Haidara had anticipated to escort the general manuscripts help to Timbuktu by now, but persevering with instability within the north had made that very no longer seemingly. (All over my focus on over with to Timbuktu in February, jihadists clashed with French Particular Forces simply north of Timbuktu and fired rockets on the city’s airport. At this time after my focus on over with to Mali, French forces tracked down and killed Oumar Ould Hamaha, the AQIM fanatic who had arrested Touré on that evening in Timbuktu two years earlier.)

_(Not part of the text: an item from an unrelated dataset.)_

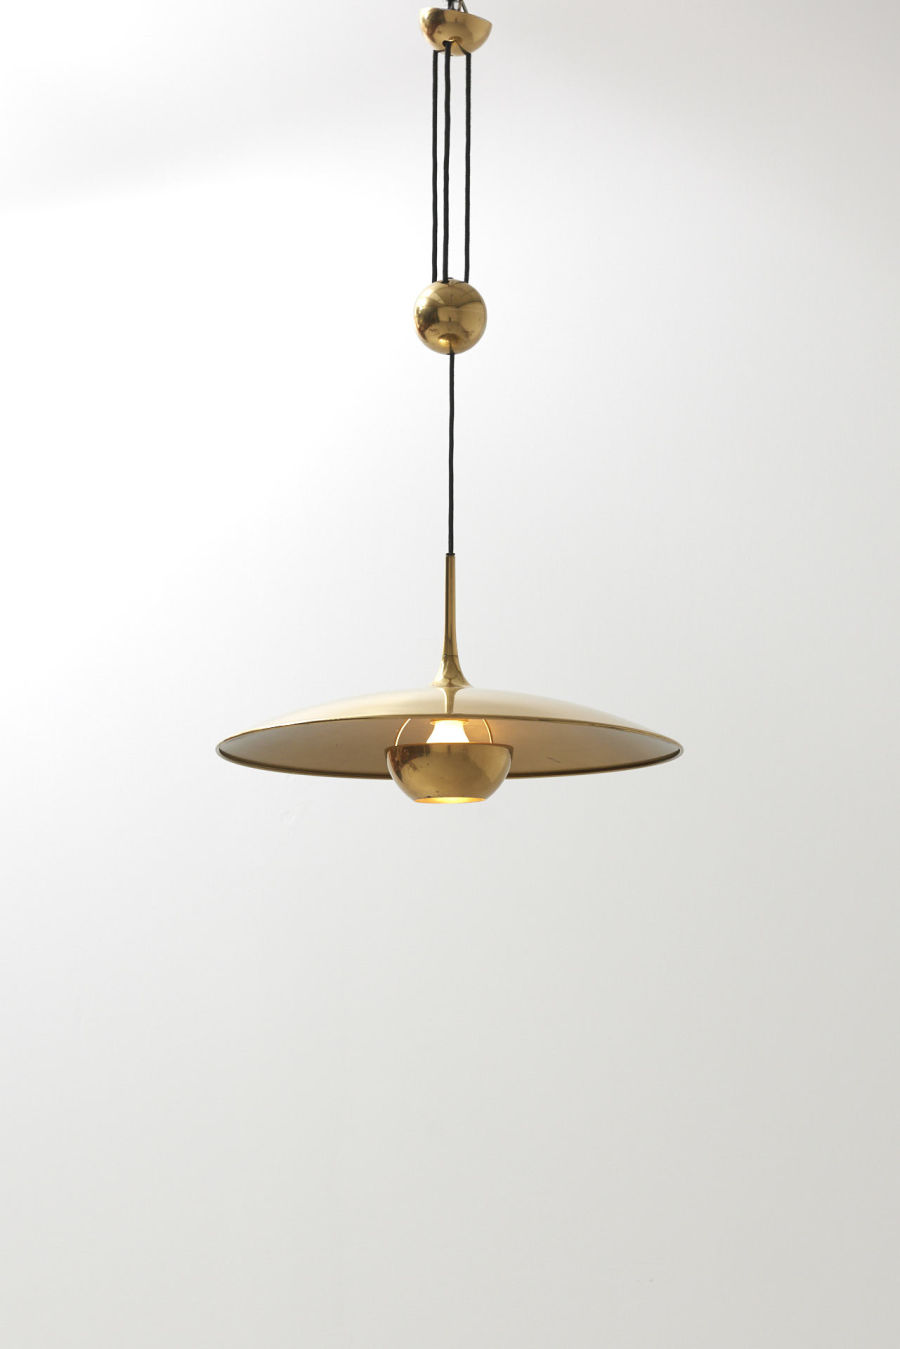 modestfurniture-vintage-2167-adjustable-ceiling-lamp-brass-florian-schulz06

The persevering with explain of limbo turned into once taking a toll on Haidara: “I am the general time surrounded by bother, by responsibility, most often I even put out of your mind my family,” he admitted. “My perfect ambition is to rehabilitate all these libraries in Timbuktu, so as that I’m able to declare the general manuscripts help to each and every family that entrusted them to me. That will give me a shrimp little bit of peace.”

The Pulitzer Center on Crisis Reporting (http://pulitzercenter.org/) helped strengthen reporting for this story.

Originate you believe Haidara that outdated school manuscripts must be preserved for the sake of a entire culture?